Louie le dio a Shorty un golpe en el brazo.

—Hay un cenicero ahí.

—Ah —Shorty miró hacia delante, completamente cortado—. Lo siento Louie.

Louie suspiró. Odiaba hacer que los demás se sintieran culpables. Le recordaba a sus ex esposas; a las dos primeras, por lo menos. También detestaba tener que hacer un trabajo tan peliagudo con un imbécil como Shorty; pero éste era el sobrino de Clancy «El Cuello» Venuchi, y si Clancy decía que Shorty estaba dispuesto a hacer el trabajo, sólo uno más imbécil que Shorty diría que no.

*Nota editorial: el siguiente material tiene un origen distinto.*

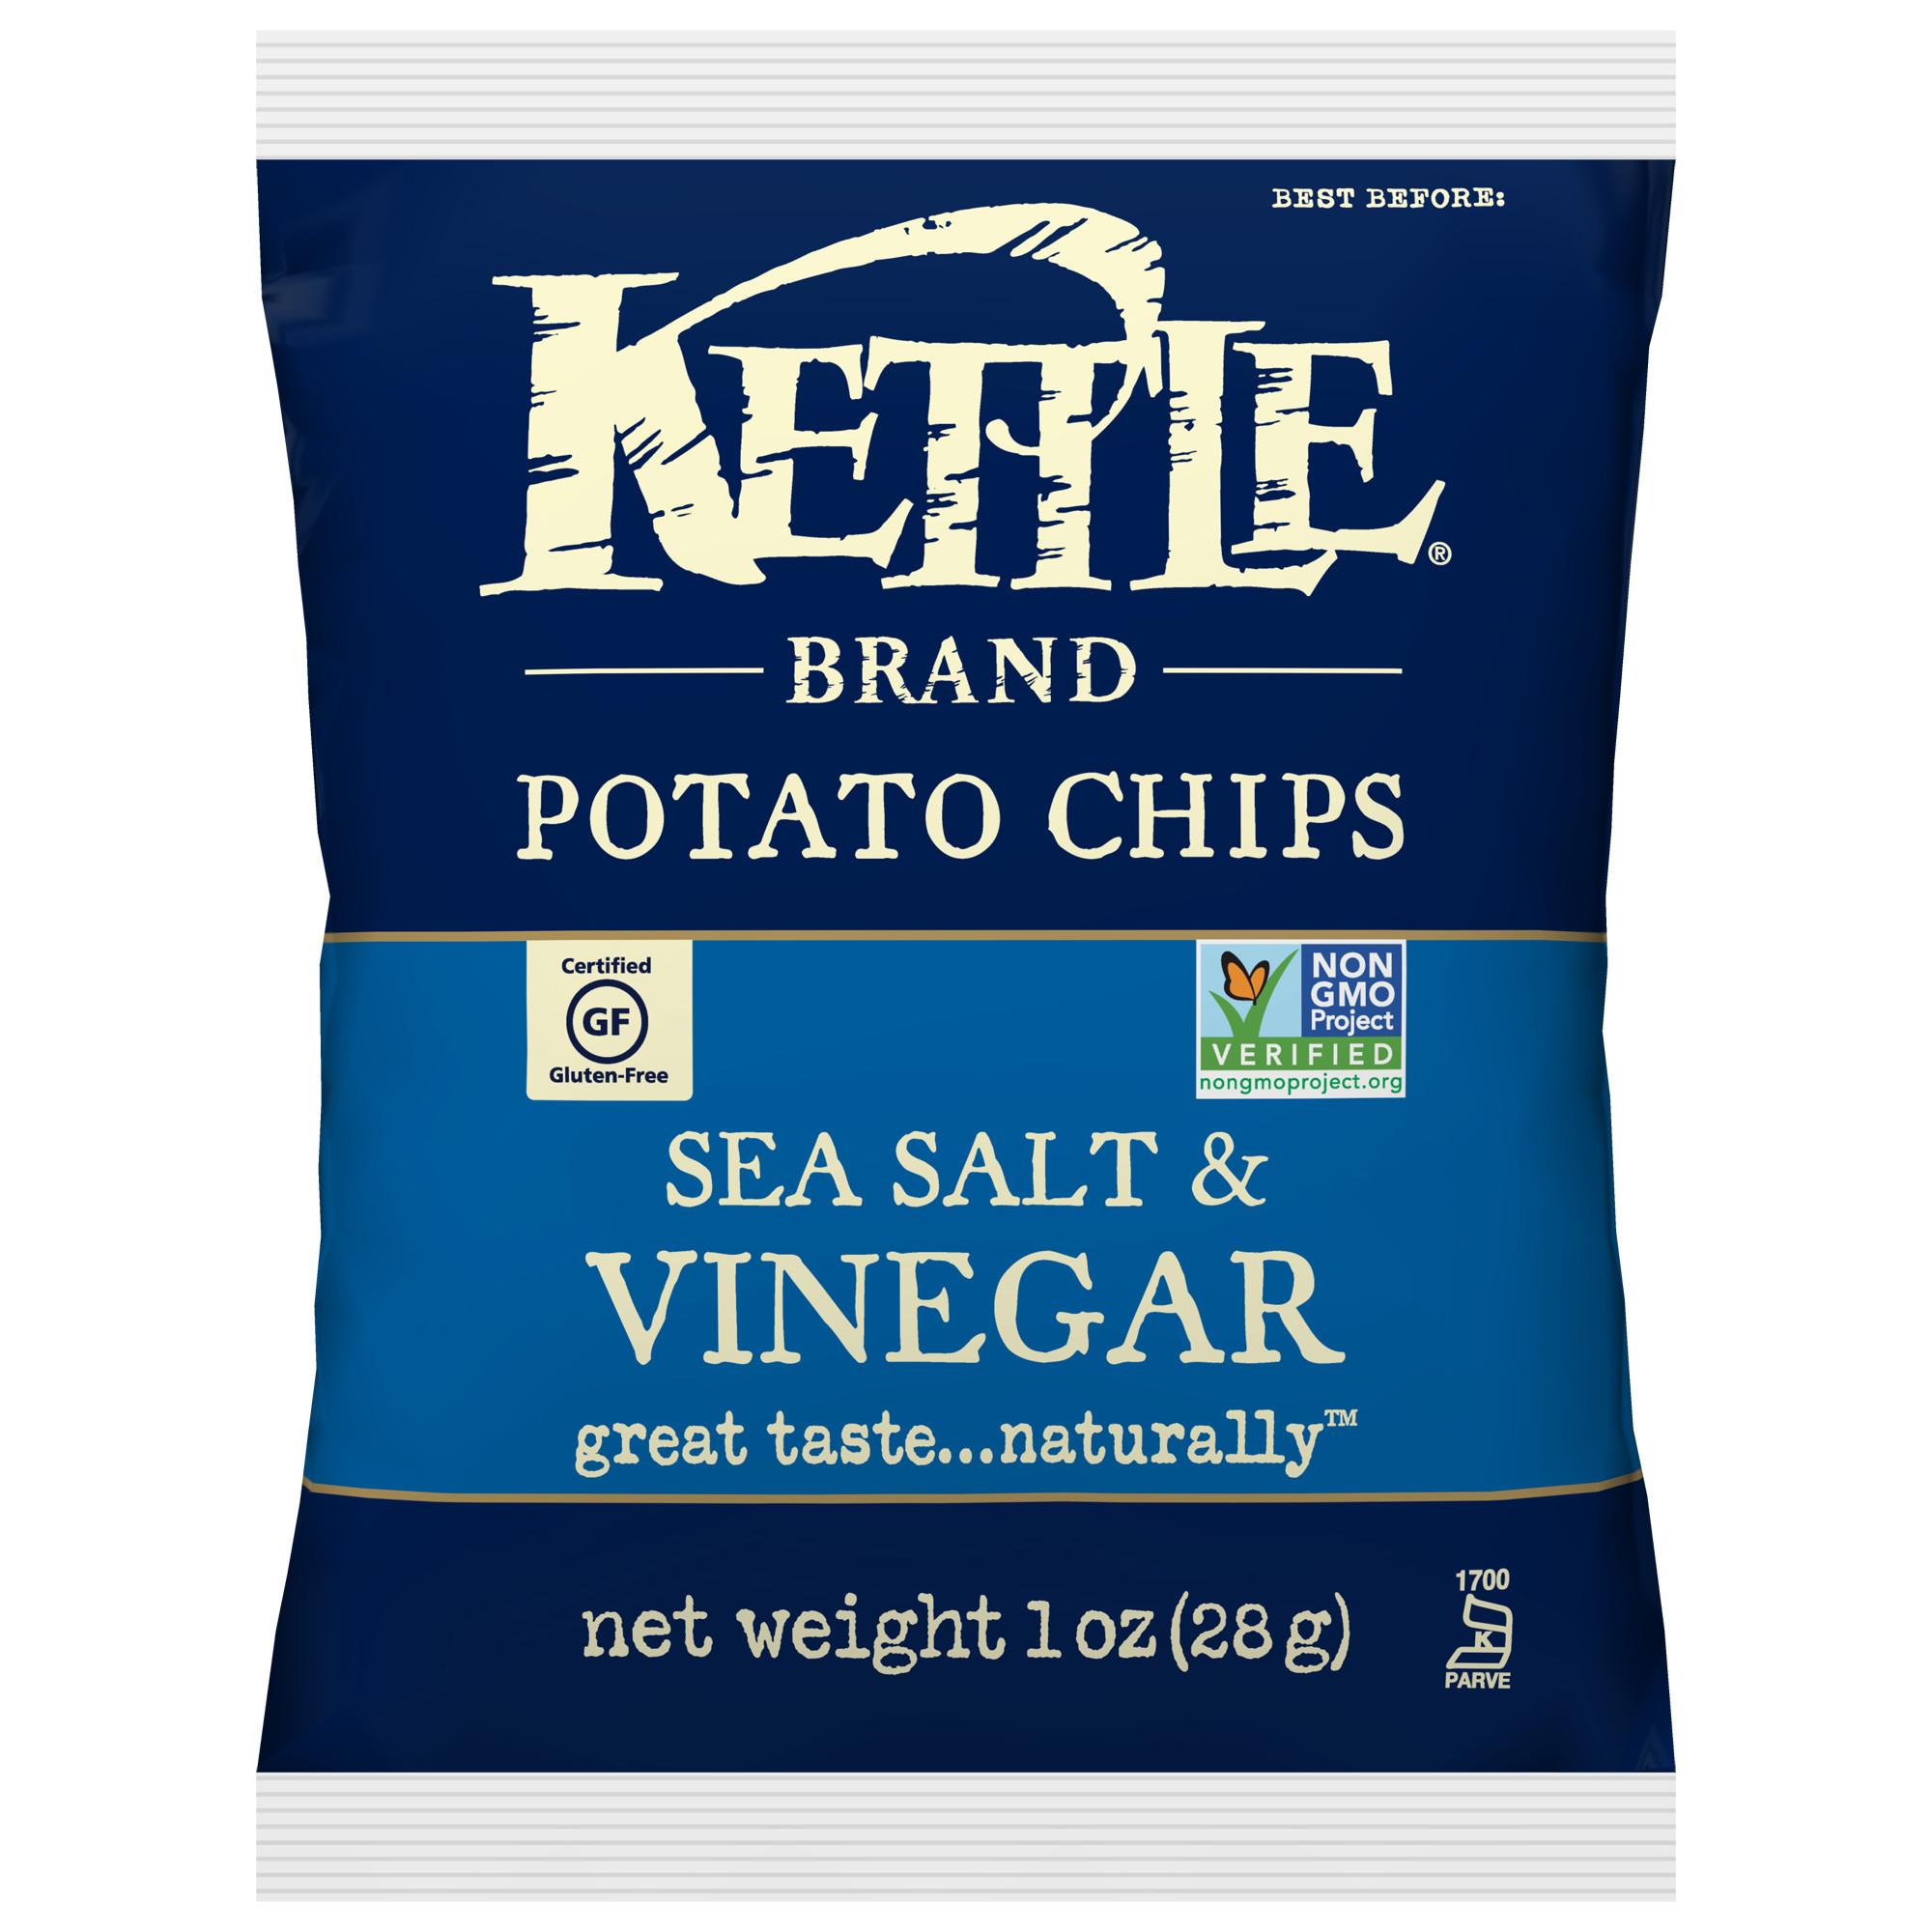 Kettle Brand Sea Salt and Vinegar Multipack of Potato Chips, 1 Oz, 72 Ct
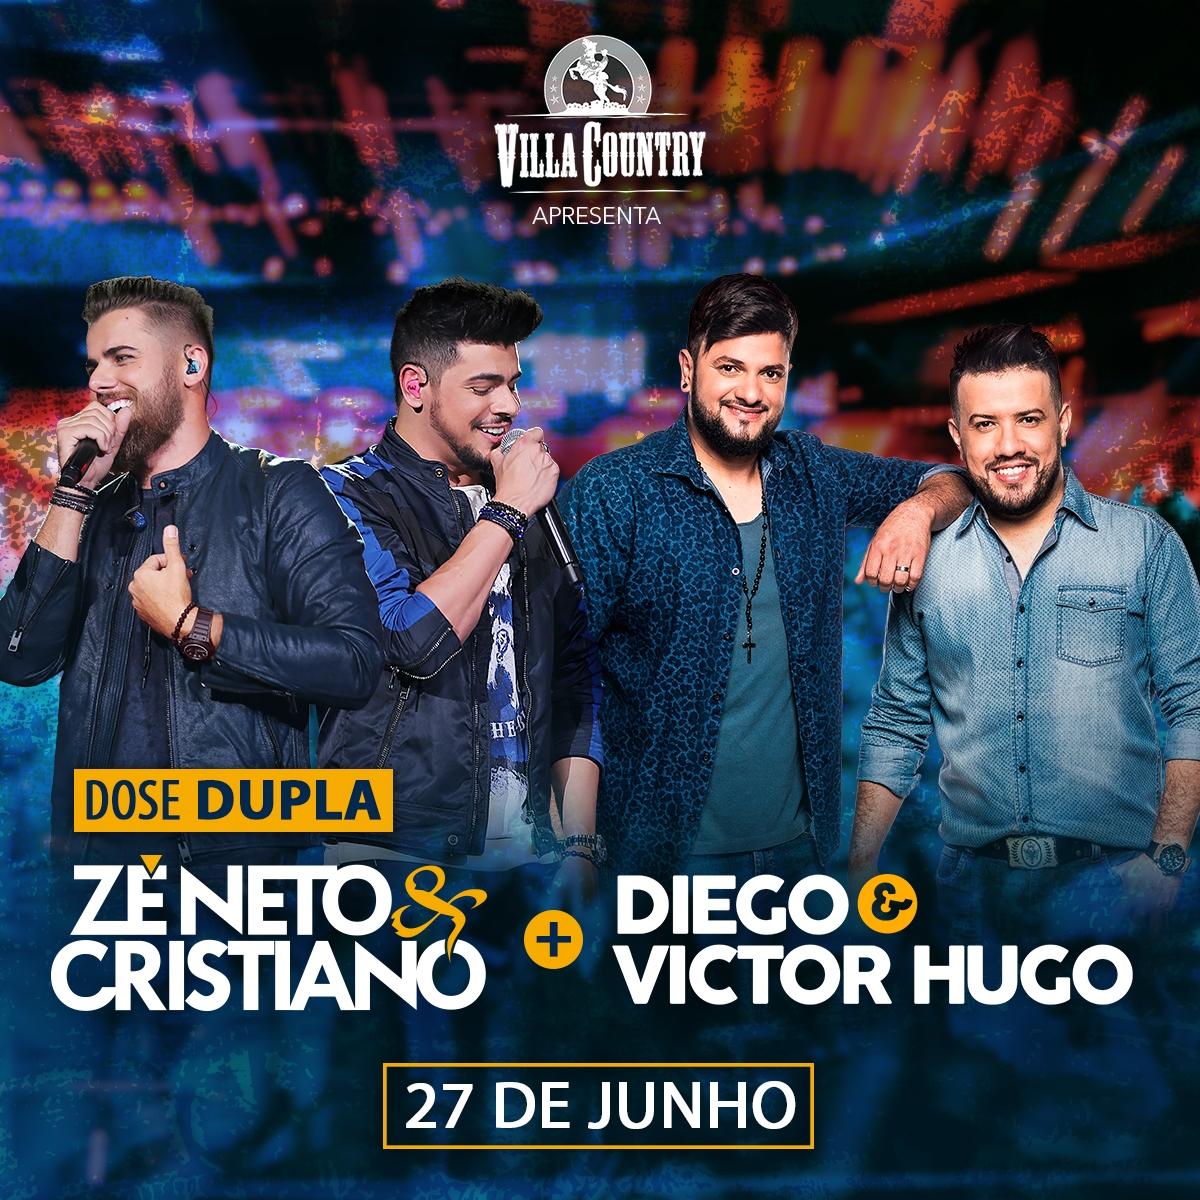 Zé Neto e Cristiano e Diego e Victor Hugo se apresentam no Villa Country 41

—Olvídalo —añadió Louie—. Necesitamos averiguar dónde está este rancho.

Después de que un niño en la feria de ganado les hubiera dicho que había visto a una chica montada en un toro dirigiéndose hacia una zona de edificios cercanos, Louie y Shorty habían paseado en el coche por esa zona durante varias horas. Les habían enseñado unos cuantos billetes a varios borrachos, hasta que uno de ellos había jurado que había visto a dos personas metiendo a un búfalo en una camioneta amarilla muy grande con el nombre de Rancho Montañés Nederlander escrito en un costado del vehículo.

El búfalo tenía que ser el toro... ¿Pero lo del rancho?